Essai – Land Rover Defender 110 P400 : Le fils n’a rien à envier au père

Le statut d’icône n’est pas seulement réservé aux voitures les plus puissantes de leur temps ou aux modèles qui ont révolutionné le design automobile. Il y a de ces automobiles qui ont marqué leur époque ou même traversé les âges à la force de leurs aptitudes mécaniques hors du commun, grâce à leur robustesse ou leur caractère sans pareil. Le Land Rover Defender fait partie de cette catégorie. Le renouveler, dans notre ère contemporaine, s’avère donc être un exercice dangereux.

  • 6 cylindres, turbo, essence, 2’995 cm3
  • 400 ch de 5’500 à 6’500 t/min
  • 550 Nm de 2’000 à 5’000 t/min
  • Boîte de vitesses automatique, 8 rap.
  • Vitesse maxi : 208 km/h
  • 0 à 100 km/h en 6.1 sec.
  • Poids : 2’343 kg
  • Long./larg./haut. (mm): 5’018 x 2’008 x 1’967
  • Conso. mesurée : 14 l/100 km
  • Emissions CO2 : 255 g/km (G)
  • dès CHF 80’700.-, mod.essayé: CHF 100’580.-


Texte : Matthieu Giraudier / Photos : Matthieu Giraudier, Patrick Schneuwly


Qui ne connaît pas le Defender ou le Def’ pour les intimes ? Avec sa gueule carrée, son style très « roots », sa fabrication à la britannique et surtout sa nature baroudeuse, il est rentré dans la culture collective comme le véhicule de l’aventure, que l’on peut amener aussi bien dans le sable, dans la boue, dans la jungle ou encore au fin fond de la toundra.

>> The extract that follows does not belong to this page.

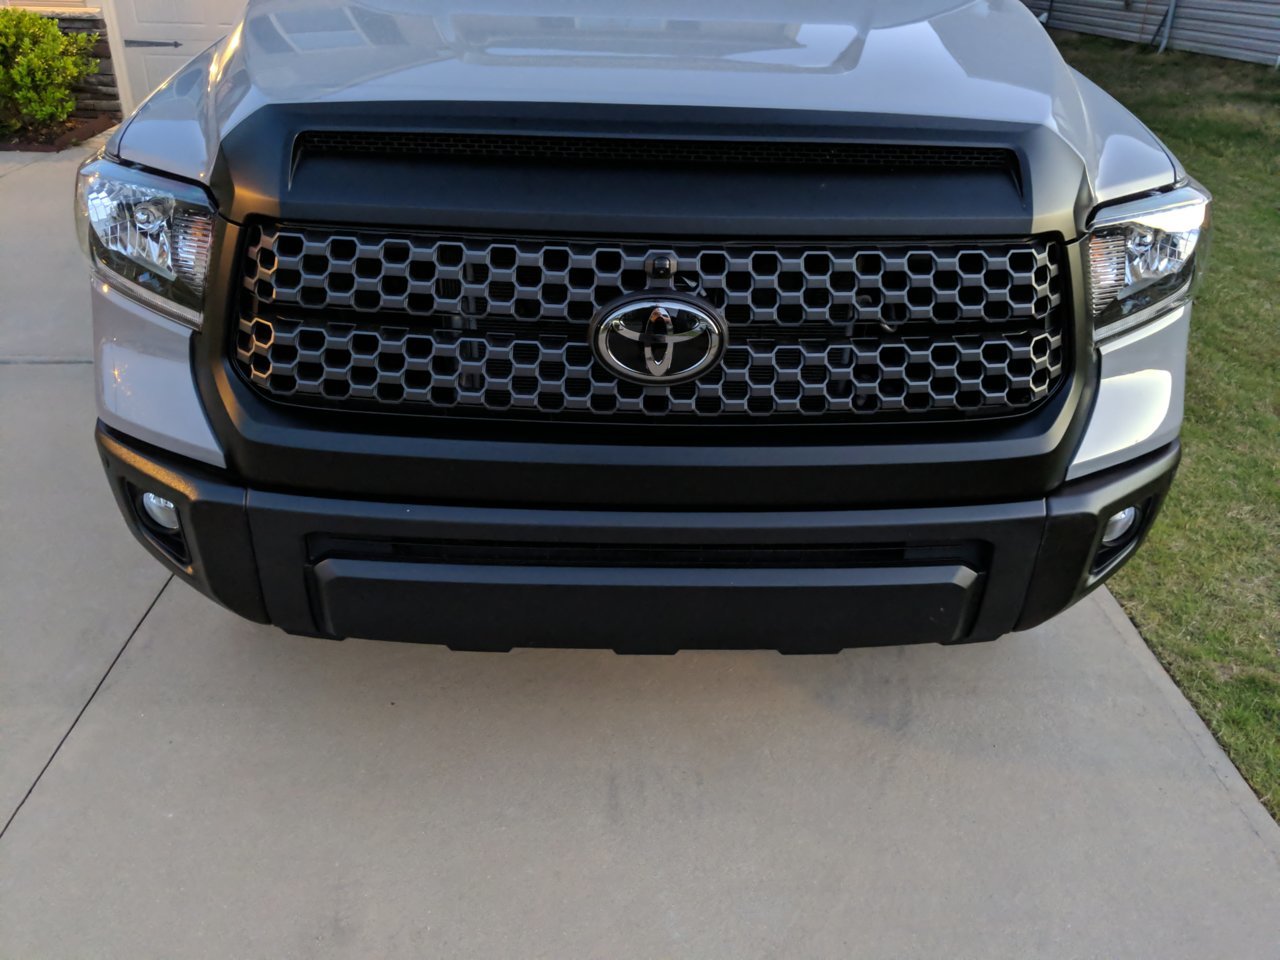 Front grille1.jpg

Comme toutes choses évoluent, Land Rover décide en 2016 d’arrêter la longue et belle carrière du rustique 4×4, avant d’annoncer en 2018 l’arrivée de la deuxième génération (ou de la sixième série). Un défi de taille pour la marque britannique, qui tient à préserver l’héritage du nom tout le faisant entrer le modèle dans le 21ème siècle. Une question brûle alors les lèvres de tous : est-ce que cette mouture moderne est à la hauteur de son prédécesseur ? Réponse dans la suite.

A l’extérieur

On peut le dire sans ambages, discuter de design néo-rétro figure parmi les exercices les plus houleux chez les passionnés d’automobiles, tant le sujet clive franchement, ayant autant de détracteurs que d’adorateurs. Pour le cas du Defender, il paraissait inenvisageable que la nouvelle génération ne soit pas dans cette veine, tant la philosophie du modèle historique est puissante et le dessin reconnaissable parmi 1’000 véhicules. La nouvelle mouture fait pourtant dans l’esthétique hybride, misant sur un caractère global fortement hérité de ces ancêtres, tout en se modernisant franchement.

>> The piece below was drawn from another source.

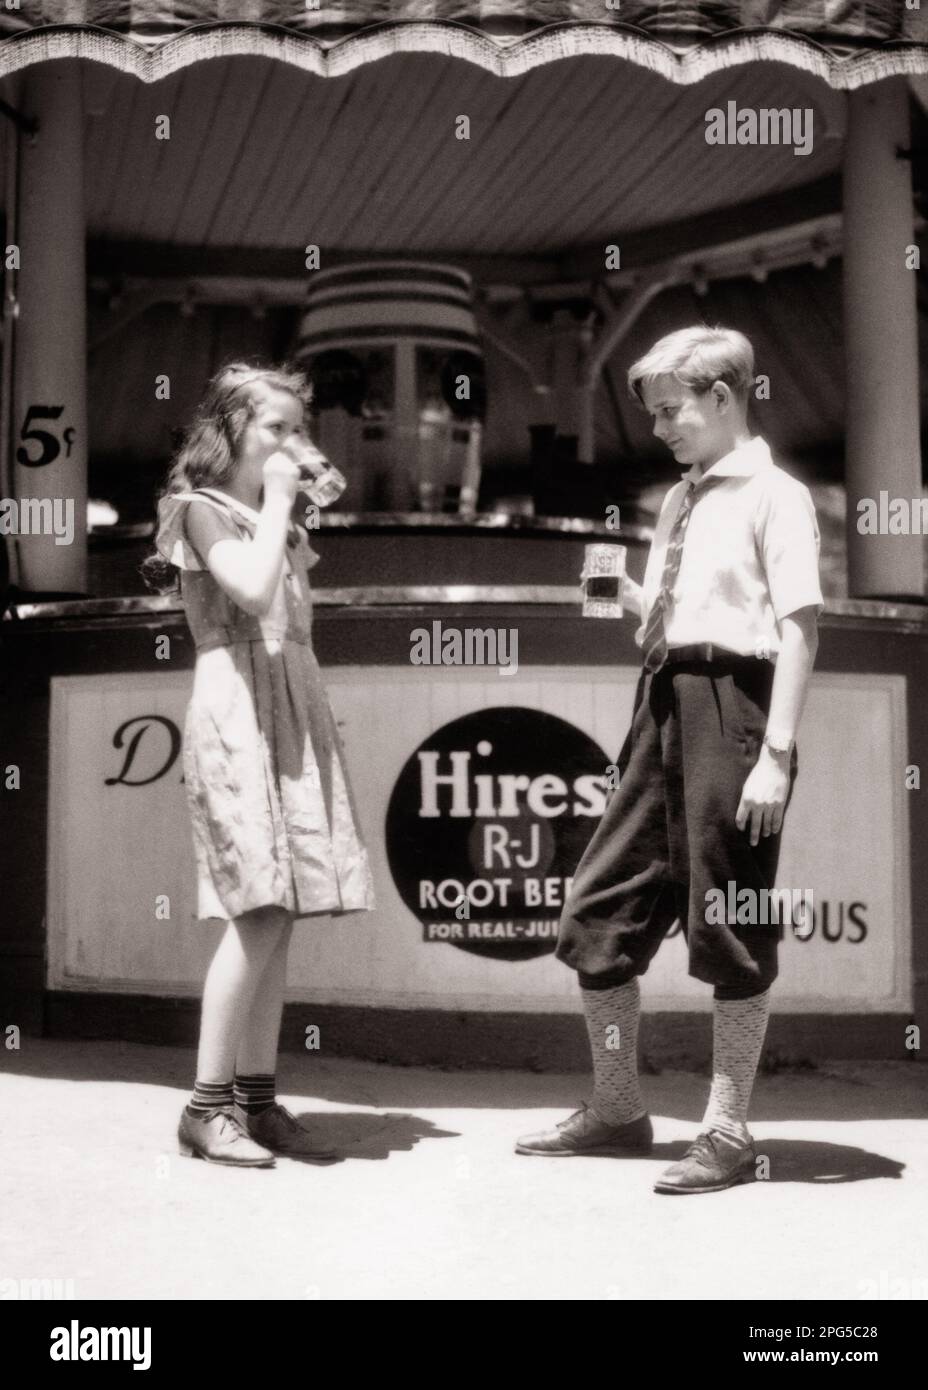 1930s BOY AND GIRL STANDING IN FRONT OF SNACK STAND DRINKING MUGS OF 5 CENT ROOT BEERS SHOWING BRAND NAME HIRES - f7240 HAR001 HARS STYLE TEAMWORK SNACK ABSTRACT PLEASED JOY LIFESTYLE FEMALES BROTHERS SHOWING COPY SPACE FRIENDSHIP FULL-LENGTH PERSONS MALES SIBLINGS SISTERS B&W SUMMERTIME HAPPINESS CHEERFUL ADVENTURE BEVERAGE NAME AND BRAND CENT EXCITEMENT EXTERIOR PRIDE SIBLING SMILES SOFT DRINK CONNECTION BEERS CONCEPTUAL JOYFUL MUGS ROOT STYLISH SUPPORT 5 CENTS GROWTH PRE-TEEN PRE-TEEN BOY PRE-TEEN GIRL SEASON THIRSTY TOGETHERNESS BLACK AND WHITE CAUCASIAN ETHNICITY HAR001 OLD FASHIONED Stock Photo

Pour commencer dans les éléments signature, vrai clin d’œil au passé, on peut débuter par la stature cubique de l’ensemble. C’est ce qui interpelle en premier lieu : le Defender dernier cru est massif, très imposant, tout en volume, ce qui lui confère un caractère statutaire. Autre élément que l’on peut citer est naturellement les optiques avant, rondes, accompagnées sur l’extérieur des clignotants, ici plus rapprochés des projecteurs. On remarque aussi les lucarnes latérales du pavillon, vieil héritage issu des nécessités militaires du modèle original, tout comme les plaques de protections du capot avant.

Côté modernité, le Defender est ici plus en rondeur sur les franges, les arêtes ne sont plus aussi saillantes qu’avant. Tout autour du véhicule, les pièces de carrosserie sont plus ciselées mais font aussi plus « plastique ». Le look de baroudeur d’antan en prend un coup et, sans même monter dans le véhicule, on s’imagine moins embarquer l’engin dans la jungle ou aller dévorer à n’en plus finir du sable dans un lointain désert. C’est ici plus sage et clairement plus urbain.

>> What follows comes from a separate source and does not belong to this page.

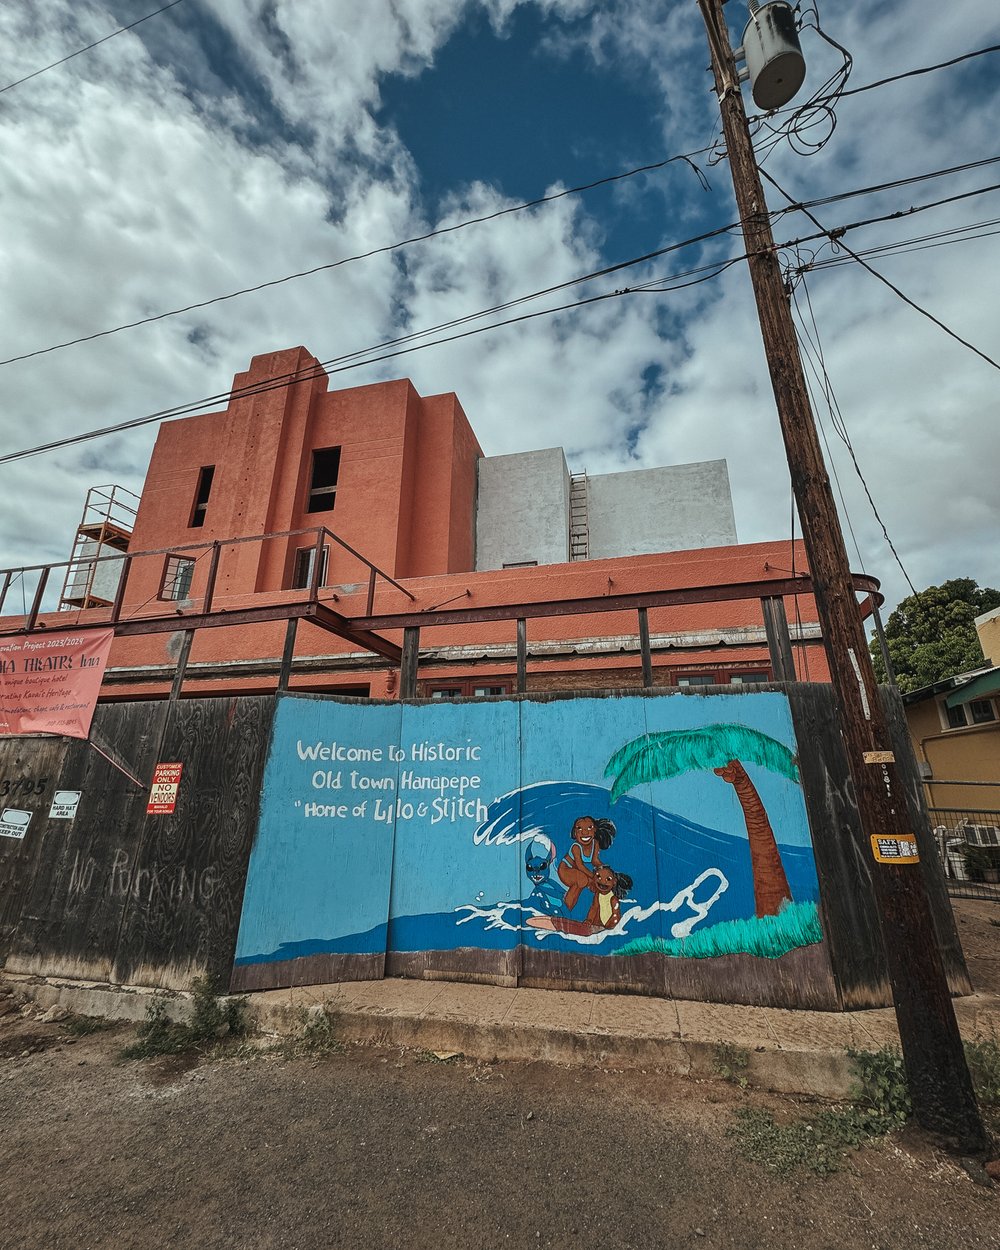   Lilo &amp; Stitch mural  in Hanapepe Town, which inspired the movie setting

Les phares arrière connaissent aussi un renouveau stylistique, avec une forme carrée et une disposition verticale sur les flancs de la face arrière. Sur les côtés, on retrouve les ouïes caractéristiques des modèles Land Rover, celle de gauche n’étant pas purement esthétique mais aussi fonctionnelle, puisqu’elle peut accueillir un snorkel.

Le design du nouveau Defender divise pour sûr. A mes yeux, c’est une réussite, un bon dosage entre éléments qui ravissent les fans du modèle et une évolution logique vers une esthétique moderne, qui s’accorde avec les standards du moment.

A l’intérieur

Si le glissement de philosophie vers un style plus urbain se fait sentir à l’extérieur, cette impression est bien plus forte une fois que l’on arrive dans l’habitacle. Exit les cadrans à l’ancienne et la console centrale rudimentaire où l’on entend les rappels claqués à chaque fois que l’on désactive une fonction électrique. Le rustique fait place à un environnement de SUV ce qu’il a de plus conventionnel.

Les ingénieurs de la marque ont bien tenté de rendre l’habitacle un brin agreste, avec des têtes de vis apparentes dans les contre-portes et l’emploi de matériaux plus rugueux, mais le résultat n’est, selon moi, pas franchement concluant. Le plastique blanc cassé gris employé dans la structure primaire du volant ainsi qu’en placage çà et là n’est pas du meilleur effet. Il fait simplement « cheap ». Quand on ajoute les revêtements en fibres synthétiques qui recouvrent entre autres les arêtes de la planche de bord, la sellerie en textile épais qui semble se salir facilement, les choix opérés par les hommes de Coventry ne concourent ni à bon ressenti de finition ni à la sensation de robustesse que l’on attend d’un 4×4 aventurier. Sur ce point, je suis assez perplexe et légèrement déçu. J’aurai apprécié une prise de parti plus nette à la faveur de l’utilitaire.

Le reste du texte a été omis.